A survey of probabilistic approaches to modeling and understanding brain function. Neurophysiological, neuroanatomical, and brain imaging studies have helped to shed light on how the brain transforms raw sensory information into a form that is useful for goal-directed behavior. A fundamental question that is seldom addressed by these studies, however, is why the brain uses the types of representations it does and what evolutionary advantage, if any, these representations confer. It is difficult to address such questions directly via animal experiments. A promising alternative is to use probabilistic principles such as maximum likelihood and Bayesian inference to derive models of brain function. This book surveys some of the current probabilistic approaches to modeling and understanding brain function. Although most of the examples focus on vision, many of the models and techniques are applicable to other modalities as well. The book presents top-down computational models as well as bottom-up neurally motivated models of brain function. The topics covered include Bayesian and information-theoretic models of perception, probabilistic theories of neural coding and spike timing, computational models of lateral and cortico-cortical feedback connections, and the development of receptive field properties from natural signals.

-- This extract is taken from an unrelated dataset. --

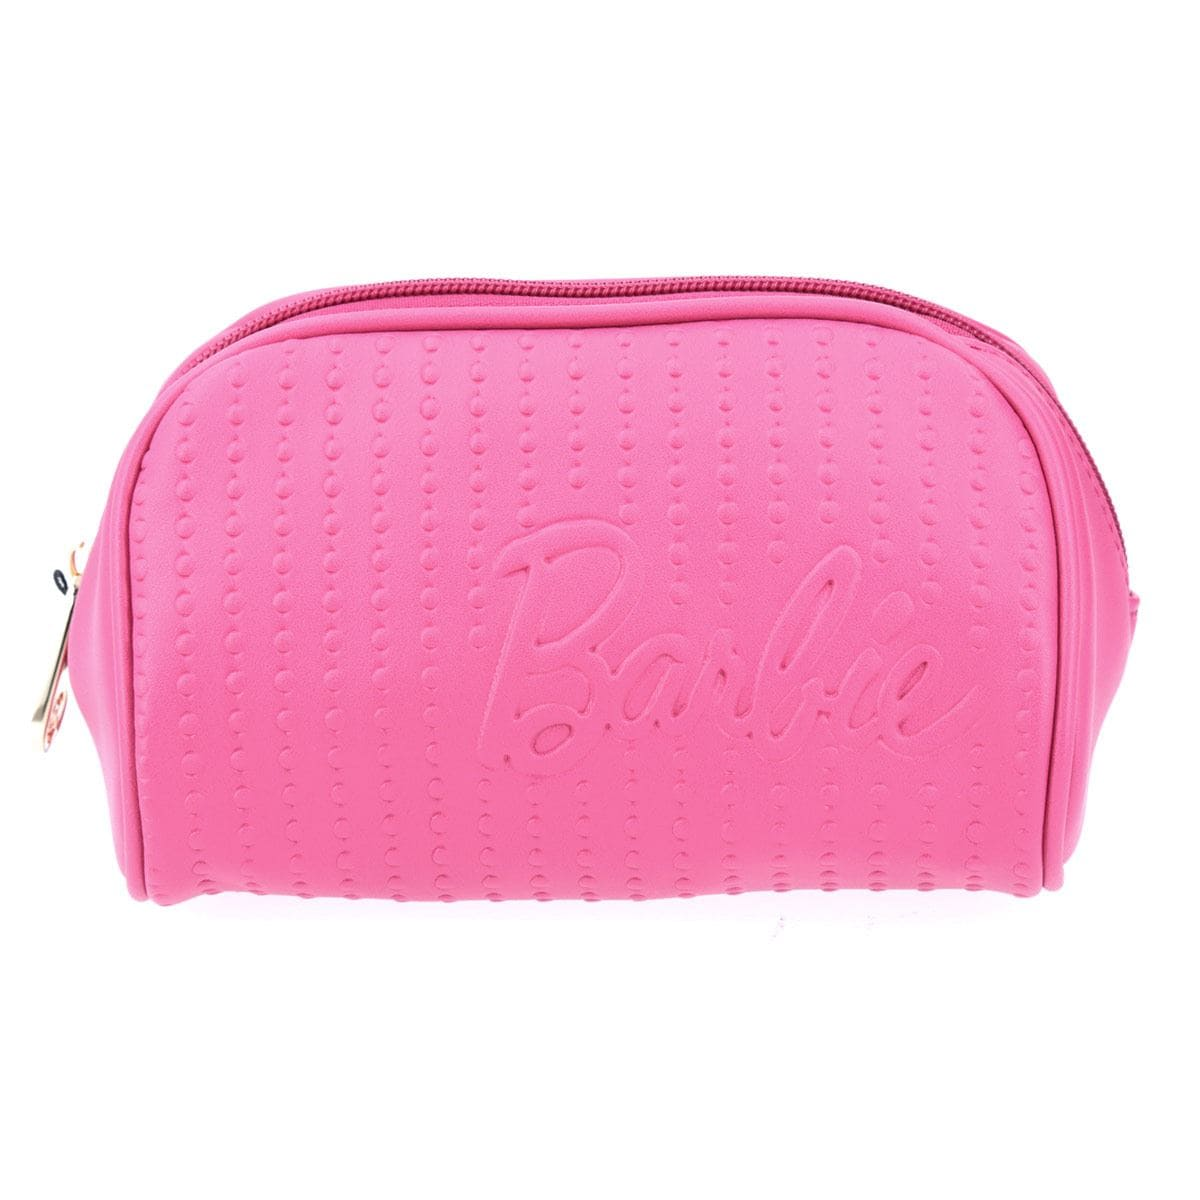 Cosmetiquera Barbie rosa

Multi-Level Bayesian Models for Environment Perception

Multi-Level Bayesian Models for Environment Perception
Author: Csaba Benedek
Publisher: Springer Nature
Total Pages: 208
Release: 2022-04-18
Genre: Mathematics
ISBN: 3030836541

This book deals with selected problems of machine perception, using various 2D and 3D imaging sensors. It proposes several new original methods, and also provides a detailed state-of-the-art overview of existing techniques for automated, multi-level interpretation of the observed static or dynamic environment. To ensure a sound theoretical basis of the new models, the surveys and algorithmic developments are performed in well-established Bayesian frameworks. Low level scene understanding functions are formulated as various image segmentation problems, where the advantages of probabilistic inference techniques such as Markov Random Fields (MRF) or Mixed Markov Models are considered. For the object level scene analysis, the book mainly relies on the literature of Marked Point Process (MPP) approaches, which consider strong geometric and prior interaction constraints in object population modeling. In particular, key developments are introduced in the spatial hierarchical decomposition of the observed scenarios, and in the temporal extension of complex MRF and MPP models. Apart from utilizing conventional optical sensors, case studies are provided on passive radar (ISAR) and Lidar-based Bayesian environment perception tasks. It is shown, via several experiments, that the proposed contributions embedded into a strict mathematical toolkit can significantly improve the results in real world 2D/3D test images and videos, for applications in video surveillance, smart city monitoring, autonomous driving, remote sensing, and optical industrial inspection.